Türkiye'de bulunan farklı sanayi yapılaşmaları nelerdir?
Üretim faaliyetinde bulunan işletmelerin konumlandırması ile ilgili yerleşim planlaması ve yapılaşma yöntemleri farklılık arz etmektedir. Bir ülkede ya da bölgede birden çok sanayi yapılaşmasıolabilmektedir. İşletmelerin ölçeğine göre ya da ilgili sektörün üretim yöntemine göre bu sanayi yapılaşması farklı şekilde örgütlenebilmektedir. Bu sanayi yapılaşmaları, ülkelerin iş yapma modelini yansıtmaktadır.

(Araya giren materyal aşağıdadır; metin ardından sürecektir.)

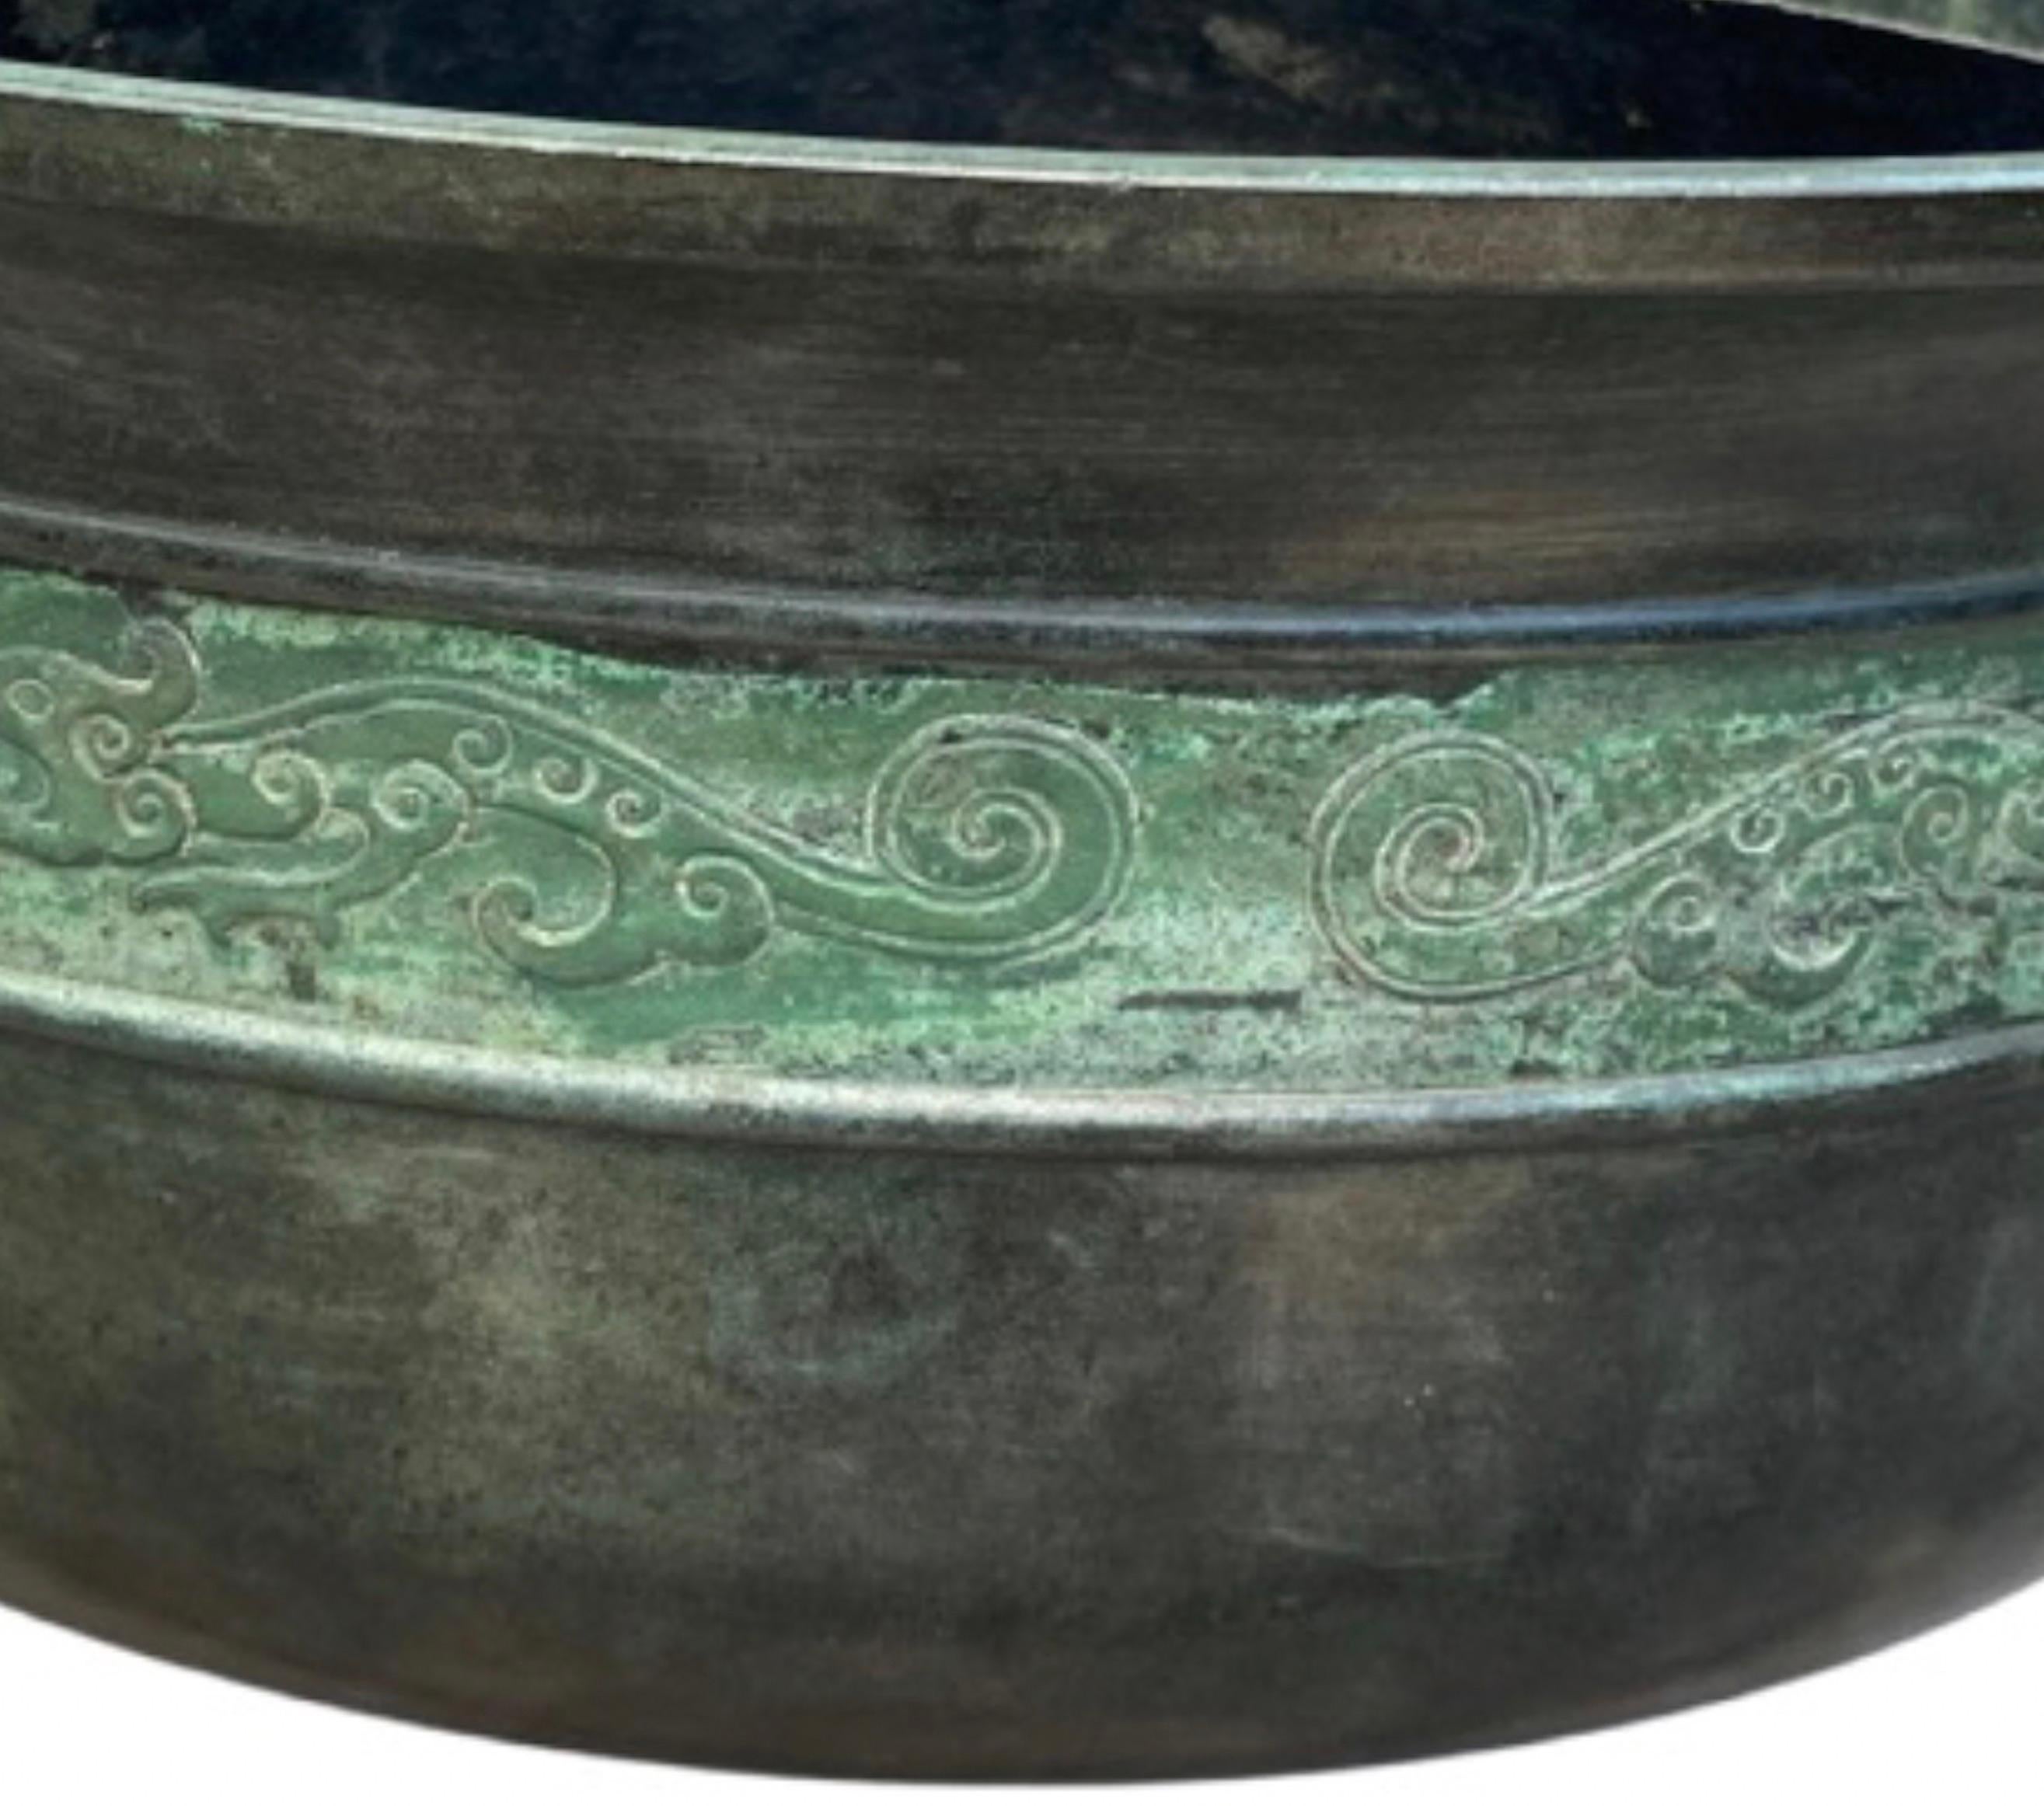 Antique Bronze Censer with Verdigris Decorative Band In Good Condition For Sale In Sag Harbor, NY

Türkiye’de sanayinin yerleşimi ve organizasyonu açısından çeşitli formal yapılaşmalar mevcuttur. Türkiye’de bu yapılaşmalar arasında en köklü olanı organize sanayi bölgeleridir. Genelde geleneksel sanayi üretimlerin gerçekleştiği sanayi bölgelerinin dışında teknoloji tabanlı üretim faaliyetlerinin konumlandırılması için kurulan Teknoloji Geliştirme Bölgeleri, özellikle üniversite-sanayi etkileşimi için önemli bir imkan sunmaktadır. Ayrıca, çeşitli vergisel teşvikler sunan tamamıyla ihracata odaklı Serbest Bölgeler ve doğrudan yabancı yatırımlara özel alan olarak Endüstri Bölgeleri diğer sanayi yapılaşmalarıdır.